The symmetric (or shared everything) data access model is used by VMS clusters. In this model, the same workload is distributed across multiple server systems, executing in parallel. Concurrent access to shared disks is managed by a distributed lock manager. While the symmetric data access model may have benefits for future versions of Digital Clusters for Windows NT, it is not supported in the current version.
The specific events associated with failover, and total time for failover, depend on what type of failover is occurring. There are two types of failovers:
The following activities take place in the event of a failover:
Detection time for an involuntary failover begins when the two FMs lose communication with each other or realize too many errors are being logged against a disk. During normal cluster operation, a network connection with a “keep-alive” protocol is established between the two Failover Managers. In the event that communications are lost between the servers, the initial failover detection time is the amount of time that an FM will wait to re-establish network connection with the other FM, before assuming the other has failed and initiating a failover. Although this network communication time-out may be set as low as one second, the default setting is 30 seconds. Setting this time interval very low may risk false or premature failovers. SCSI failures are detected by accumulated I/O errors, either after users access the disk or as a result of the cluster software’s periodic test of the disk.
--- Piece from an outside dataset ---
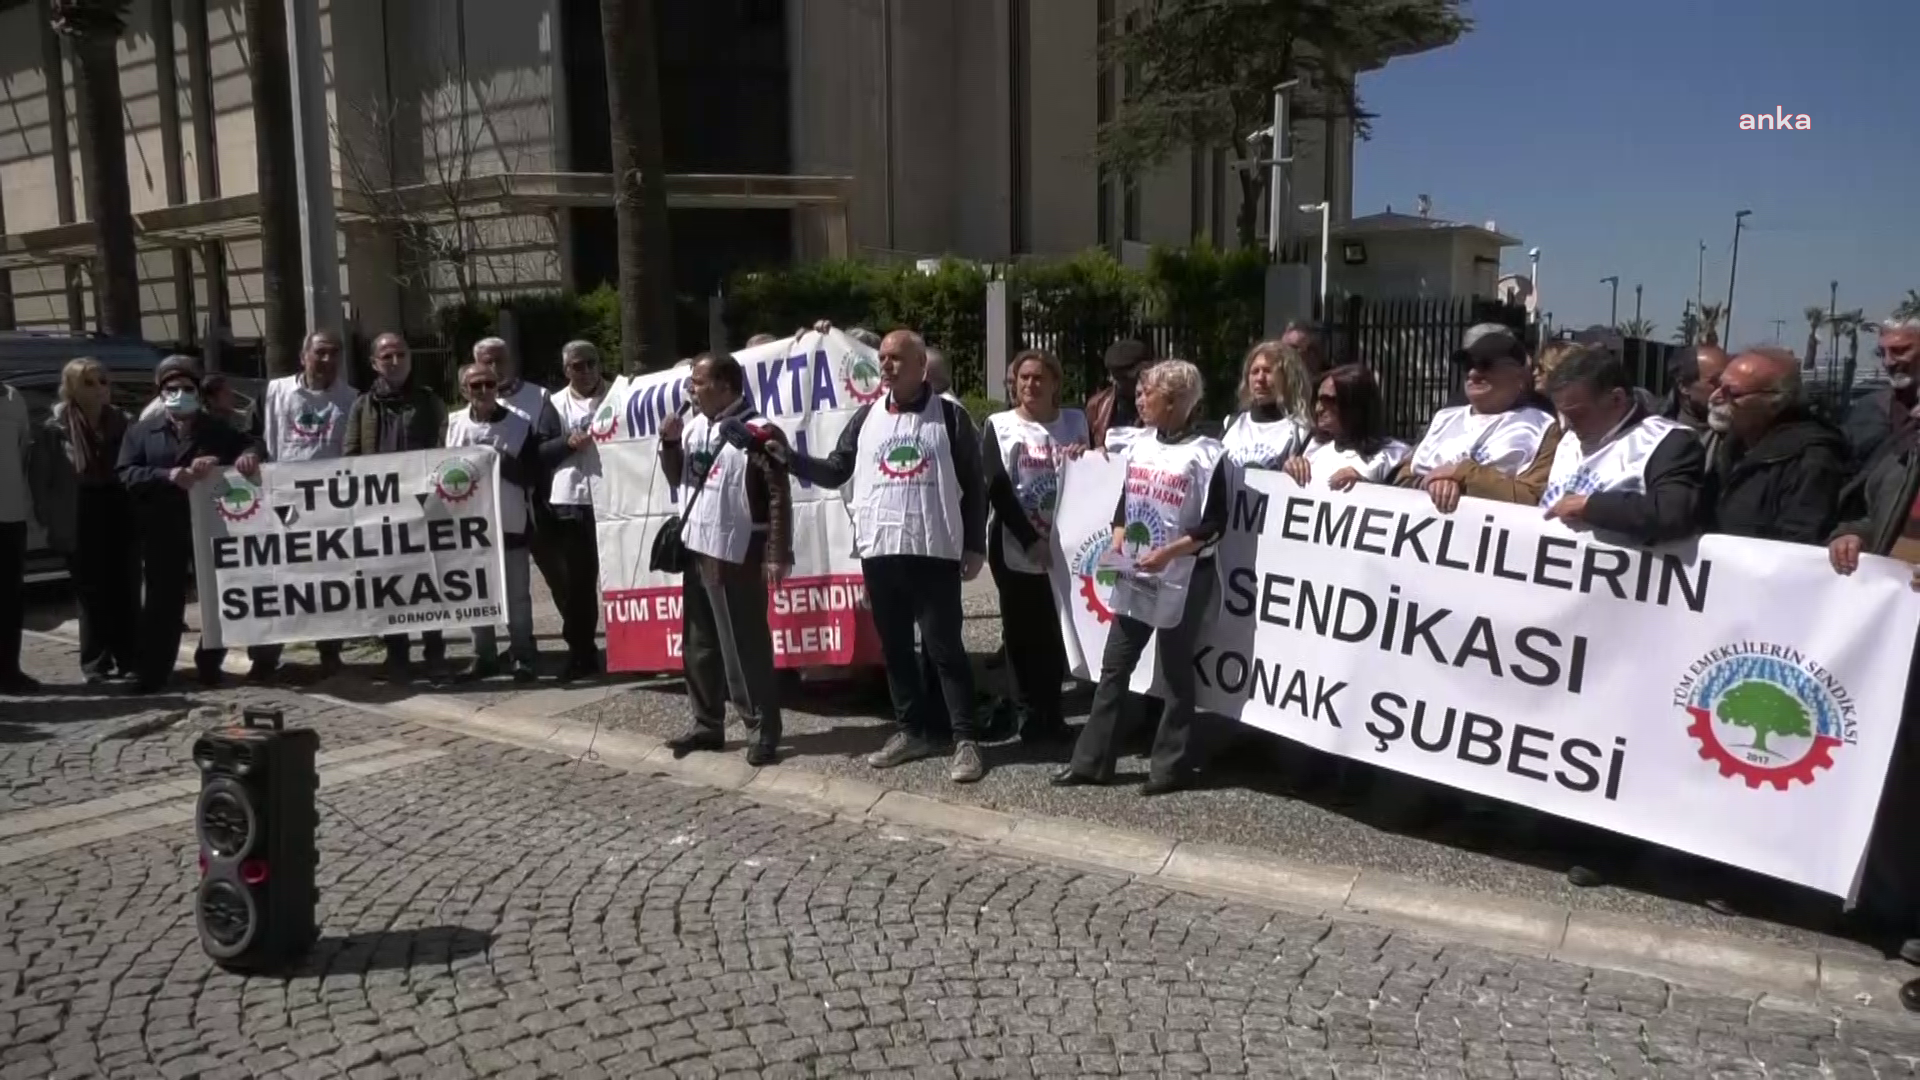 İzmir’de emekliler 7 bin 500 liranın üstündeki emekli maaşlarında artış yapılmamasına tepki gösterdi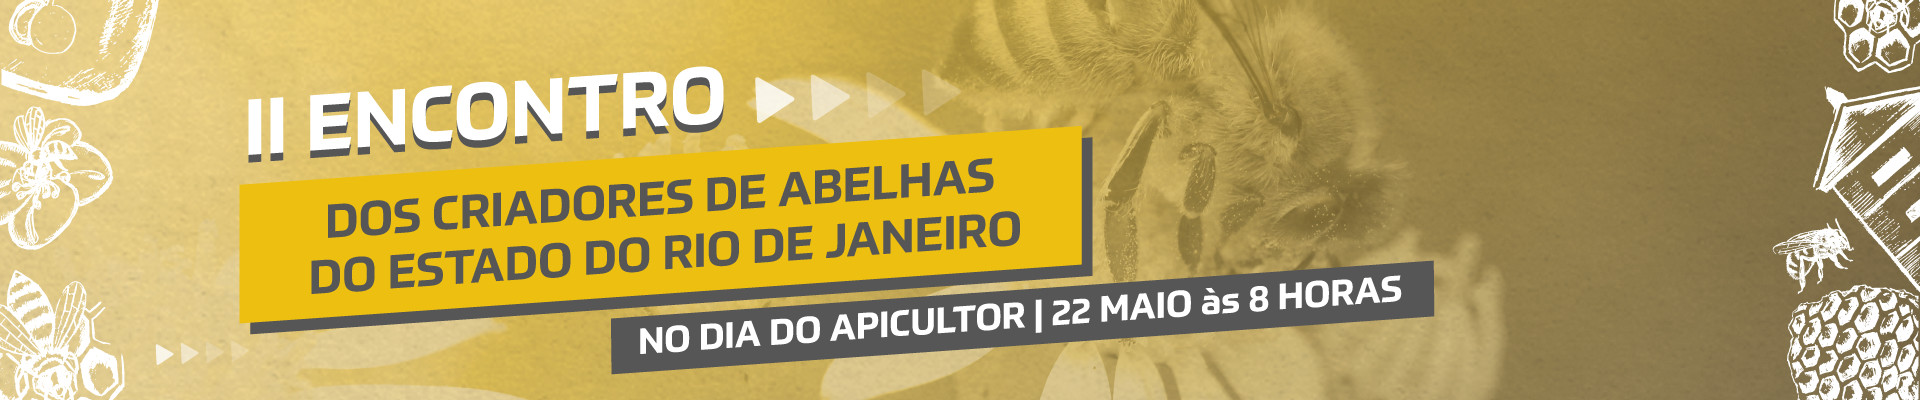 2º Encontro dos Criadores de Abelhas do Estado do Rio de Janeiro

When evaluating overall failover performance and time-out settings, a tradeoff is made between fast failover times and cluster stability. The default parameters of network communication time-out, stabilization period, and SCSI bus arbitration, are set conservatively so that cluster software can make “wise” decisions about the need for failover. They can be set to shorter times to get a quicker failover, but the cluster resources may be subject to unnecessary migrations. For example, if a network connection time-out is lowered below a threshold where a busy server will have difficulty responding within the allotted time, then the cluster may be more subject to a spurious failover than if time-outs were left at higher settings.
Digital Clusters for Windows NT provides high availability for two types of failover objects: cluster services (for example, database applications) and cluster resources (for example, network shares). In the event of a failure in the primary server, cluster software will automatically provide the same resource to end-user clients using a backup path—the secondary server—to provide the resource or service. This transparent relocation of the failover object is called failover. This failover model is extensible in the sense that new failover objects may be added in the future—for example, printers, TCP/IP addresses, or customer-defined objects.
To flexibly define and manage failover objects, the system administrator creates logical groups of cluster services and resources that are called failover groups. Resources in a failover group will move together; either they all are online or they are all offline. Resources in different failover groups move independently. Resources in a failover group are ordered such that more primitive services are started first when going online, and the order is reversed when going offline.
Failover groups are easily defined by the graphical cluster administrator tool. They tend to be a collection of storage devices and applications that are used together. For example, an SQLserver (the application) and the disks used to store the SQLserver database may be specified in the same failover group. A group can also be made up of one or more disks without an associated application, as in the case of file service failover. If the Failover Manager detects a software or system failure, the whole failover group will be failed over to the alternate system.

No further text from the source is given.